By: Nizar Abboud
Published Wednesday, September 21, 2011
The Palestinian Authority’s bid for statehood at the UN has turned into a game of counting state votes at the Security Council, with the US seeking to foil the motion before resorting to a veto.
New York - Palestinian Authority head Mahmoud Abbas (Abu-Mazen) and the sizeable delegation accompanying him to New York have yet to decide on how to proceed with the Palestinian application for admission as a UN member-state. The bid is to be submitted to UN Secretary-General Ban Ki-moon after Abbas addresses the General Assembly on Friday. During a meeting on Monday between Palestinian Authority Prime Minister Salam Fayyad and representatives of Western donor states, also attended by Danny Ayalon, Israel’s deputy foreign minister, Ayalon made clear that Israel would exact economic retribution if the Palestinians went ahead with their UN membership bid. Ayalon warned that “future assistance and cooperation could be severely and irreparably compromised.” The chairman of the meeting, Norwegian Foreign Minister Jonas Gare Store, for his part emerged with the message “that there is an urgent need, as we donors see it, that political negotiations resume.” This was read as a sign that the European donors, while committed in theory to a Palestinian state, are searching for justifications to defer to Israel and the US over the UN bid.

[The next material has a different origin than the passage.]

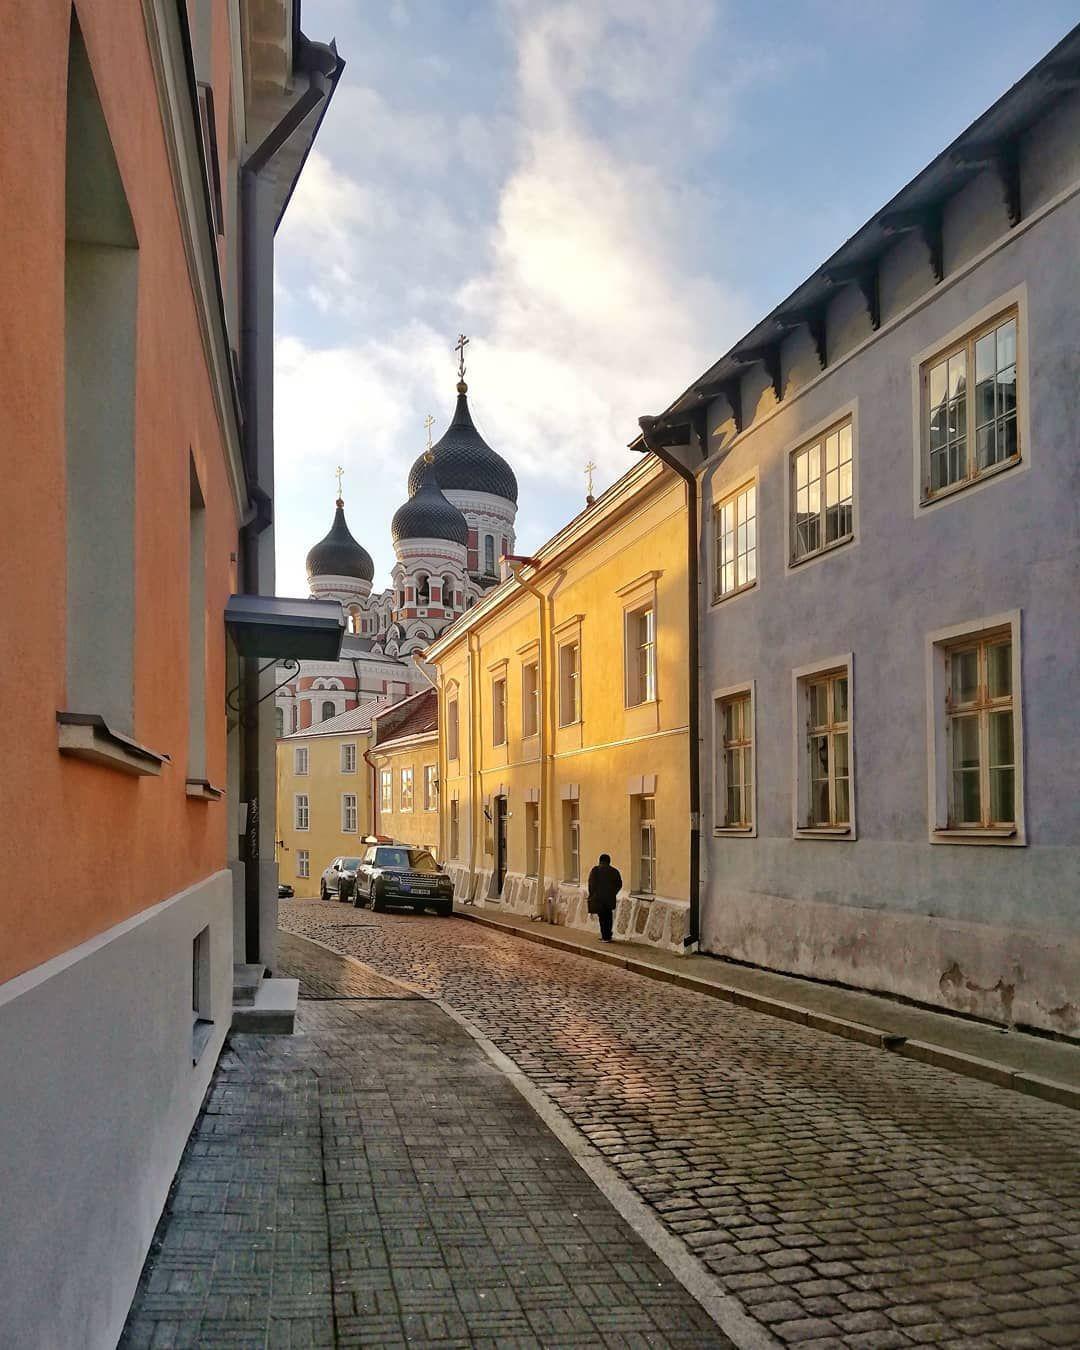 Good Morning From Tallinn Oldtowntallinn Bitsofbaltics Visitestonia Newdestinations Estonia Estonia Tallinn Haapsalu

The US administration, increasingly roiled by Abu-Mazen’s insistence to press on with the matter, is making frantic diplomatic efforts to get the application blocked at the Security Council – whose current composition is relatively favourable to Israel. Washington could simply veto the move should it come to a vote, but it does not want to be alone in incurring Arab and Islamic wrath. It would prefer to implicate its allies too.

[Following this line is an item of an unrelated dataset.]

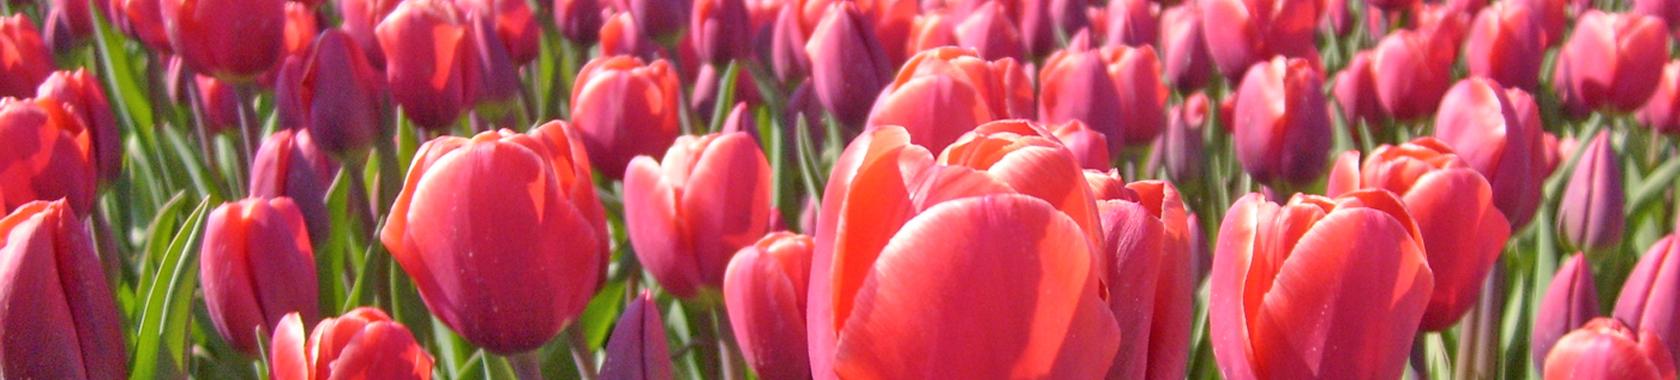 Teas at Two: Tulipimania

Germany has already said that it will cast its Security Council vote against granting UN membership to a Palestinian state, on the grounds that this must be sought through negotiations. Britain has reportedly come under heavy pressure to take the same position and bring France and Portugal – the other two European Union members of the Council—into line. The statement made after the donors’ meeting would seem to confirm that this has been achieved.
Washington could simply veto the move should it come to a vote, but it does not want to be alone in incurring Arab and Islamic wrath. It would prefer to implicate its allies too.That would leave the US in need of three more no-votes or abstentions at the 15-member Council ensure that a resolution on the issue doesn’t pass. Seven members – Russia, China, Lebanon, India, South Africa, Brazil and Nigeria – have said they will support the Palestinian application. Colombia, a virtual client state dependent on the US for security cooperation and other aid, will defer to the Americans by abstaining. It is difficult to imagine Bosnia-Herzegovina doing otherwise. Although public opinion in the country supports the Palestinian cause, the former Yugoslav republic is indebted to NATO for its independence and the government may feel its hands are tied. That would leave the vote hanging on Gabon, a poor African country that has come under heavy US pressure over the application unmatched by any Arab encouragement to support it.
Going to the Security Council is therefore a gamble for Abu-Mazen. He could yet make a last-minute decision to opt instead for the easier General Assembly route, which would require the support of 129 countries or a two thirds majority of the 193 UN members.